I showed up at Tim Schulte’s farm to turkey hunt and go jug fishing. Unfortunately, neither the turkeys nor the catfish were aware of the weekend’s game plan. Mother Nature was also on the side of the animals because it rained just about the entire weekend.

I got to the farm late Thursday night. I figured it would be better to get there late and sleep in till 4:45 a.m. than get up at 3 a.m. and head to the farm. As usual, I slept well. Tim and Ben Cole showed up just after 5 a.m. and we headed into the woods. They headed to the back of the farm while I went to the field and sat in the ground blind (that would eventually provide great cover from the rain).

I have been hunting at the Schulte farm since 1993. Spring turkey season always provides great hunts with lots of gobbling by the toms. Unfortunately, this year was different. I did not hear one gobble all weekend. Tim and Ben heard some in the distance, but none was close to the farm.

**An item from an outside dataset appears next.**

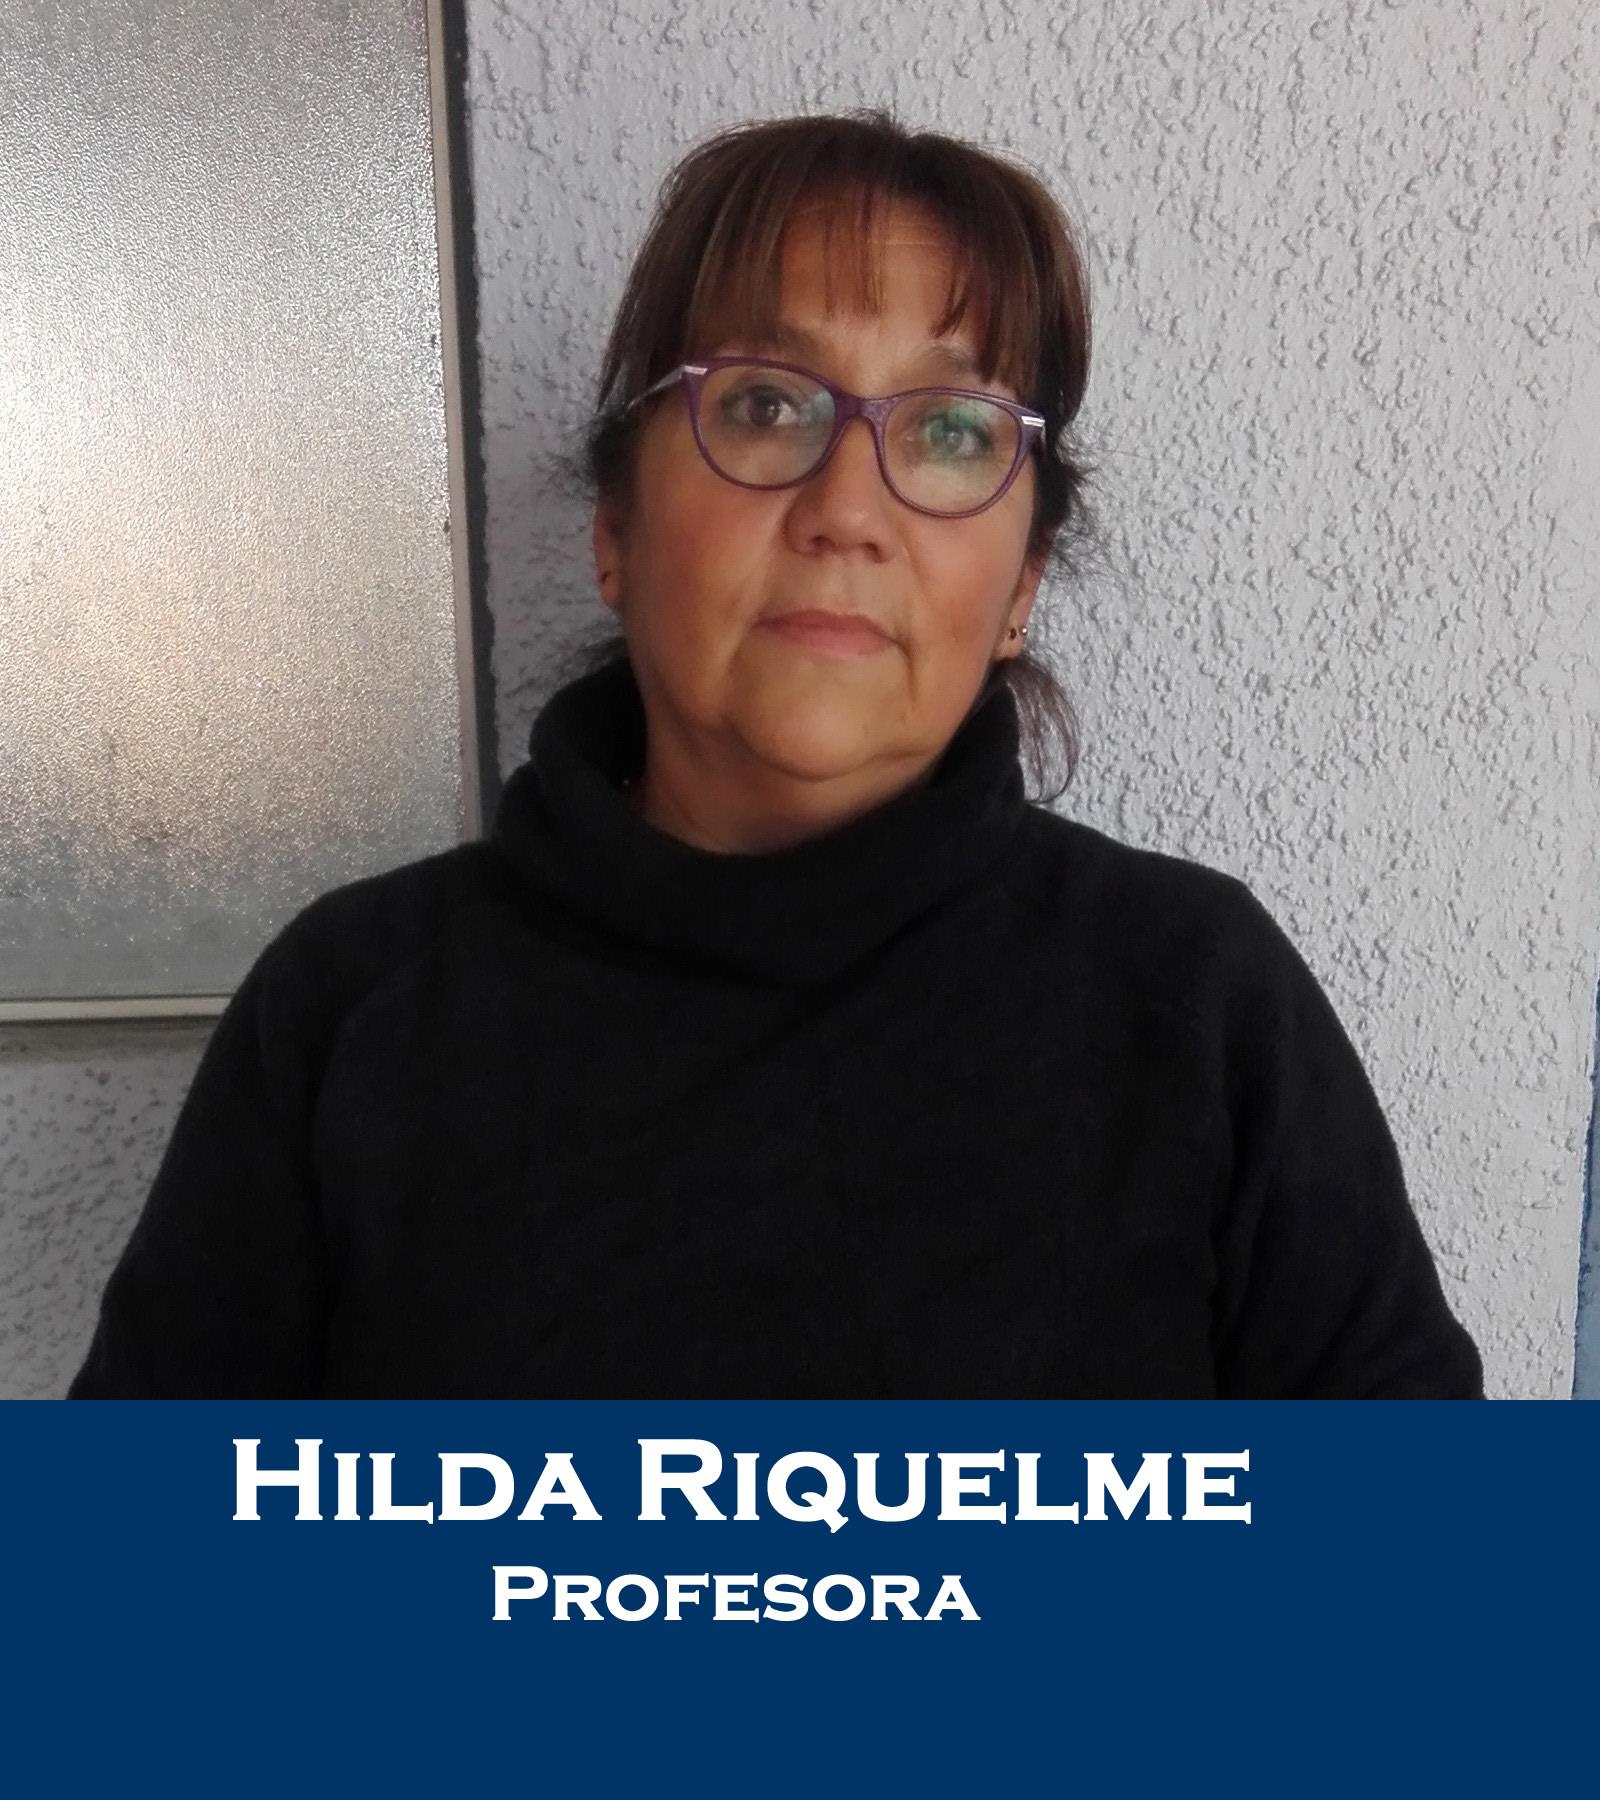 Hilda-Riquelme

I did get to see dogs chase four deer about 35 yards from my blind. There is nothing more relaxing than having two dogs start barking and howling at the exact time the turkeys should start flying down from their roost. We have had problems with these dogs in the past and this weekend was no different. They noisily made their way through the neighbor’s farm and eventually to Tim’s farm. I actually spotted the small dog twice. I sure hope those dogs don’t get hit by a passing car or truck.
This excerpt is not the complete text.